People have various ways of stating one thing. For example, a graduate of arts may write B. A. or Bachelor of Arts. Similarly segment titles may be written as "Experience" or may be broken into "Relevant Experience" and "Other Experience", etc.

The synonym lists identify and map these various forms into one.

Apart from the operational knowledge bases listed above, 3P has knowledge bases that are currently not in use. Many of these are experimental systems designed by Mr. Parekh, Executive Director, Three P Consultants Pvt. Ltd. based on his many years of experience. Some of these are listed below.

  1. Probability chart for a candidate to be appointed to various posts depending on his current qualifications and experience. So a candidate who is a manager for the last two years has a probability of 0.97 of being appointed as a manager, or 0.95 for senior manager, 0.40 for regional manager, .20 for vice president, 0.0 for trainee.
  2. An earlier system developed (not used anymore) had a human expert classify candidates to a particular sector based on certain keywords.
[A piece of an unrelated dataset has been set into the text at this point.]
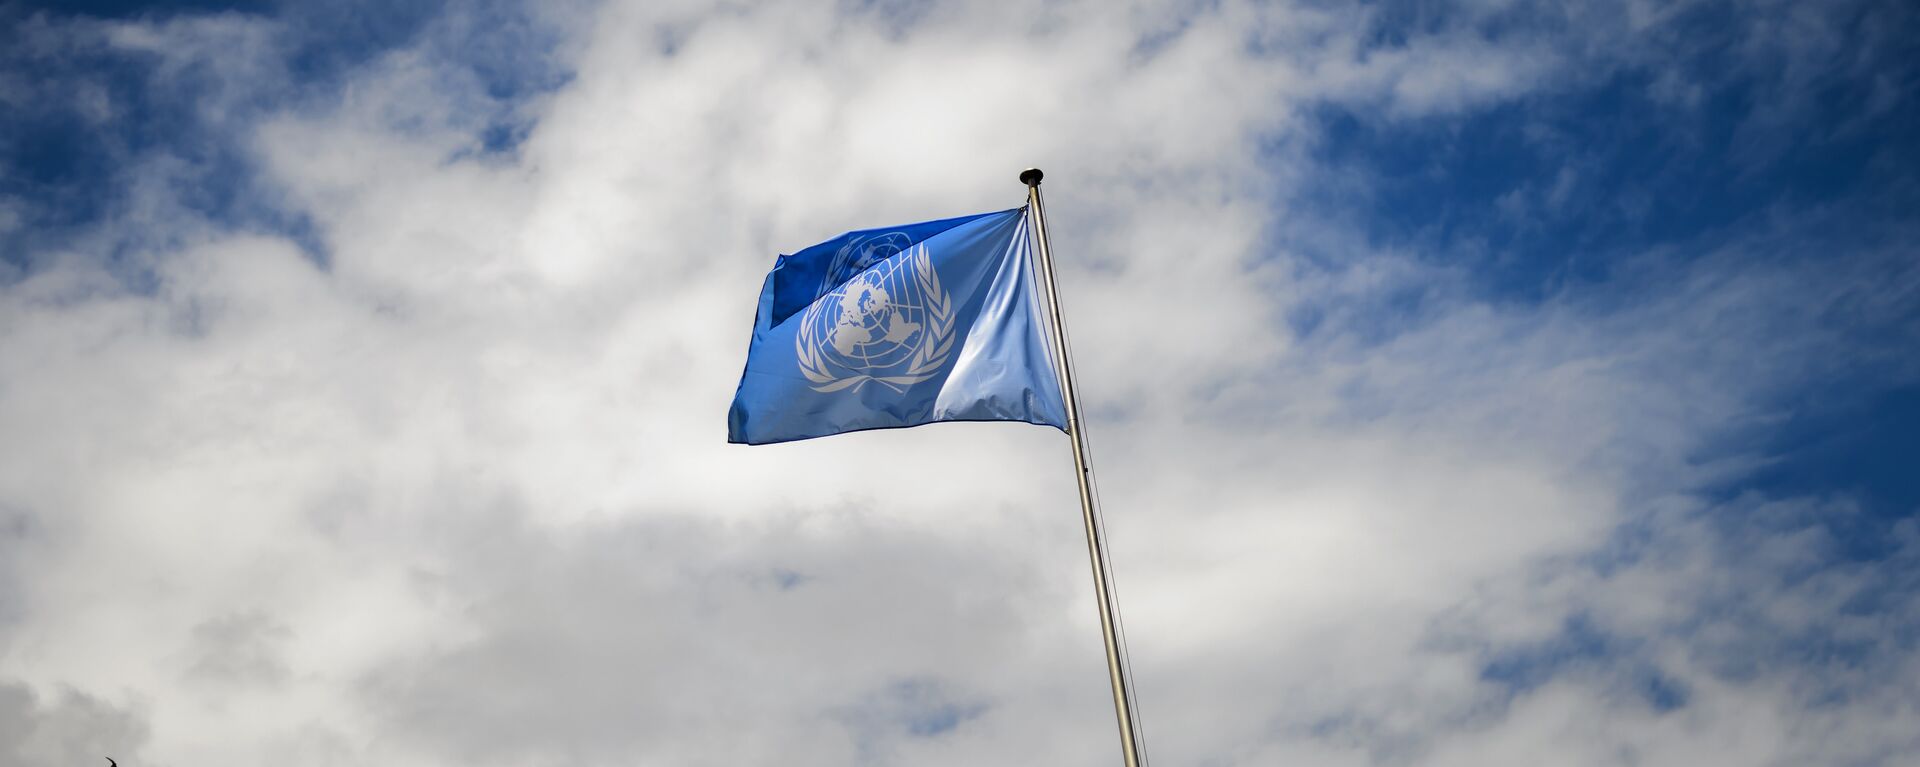 La bandera de la ONU - Sputnik Mundo, 1920, 10.02.2021

For example, if the job title of a candidate was regional sales manager, then the keyword sales would indicate that he was from the marketing sector. So this expert would then indicate that the candidate may be put into the marketing sector with the explanation that his job title was regional sales manager and the word sales triggered the categorisation.

E. Problems with the current system

  1. The detection of duplicate Resumes can be further improved by checking for the recent experience or education (in absence of experience), in addition to name and date of birth.

The scenario where a candidate applies for multiple posts within a company has not been considered. While applying for different posts the candidate may tailor the resume for each post. In this case the Resumes are not to be considered as duplicates as the emphasis on experience or skill may differ.

  1. When a Resume is sent by mail there may be many email ids in the text and this makes picking the candidate's email id through a generic mail-id identification routine a little tricky. However if the segmentation module identifies the right segment from which to pick the email id then this is not an issue.
  2. When a phone number was split into two lines the system was not able to capture the phone number as the length of the number did not meet the criteria for minimum length of a phone number.

Note: A word grouper could be used to combine successive number blocks into one to deal with this problem.

  1. Efficiency of address identification can be improved using a named entity recognition system.

Confidential $\qquad$ ©C-DAC, Mumbai (formerly NCST)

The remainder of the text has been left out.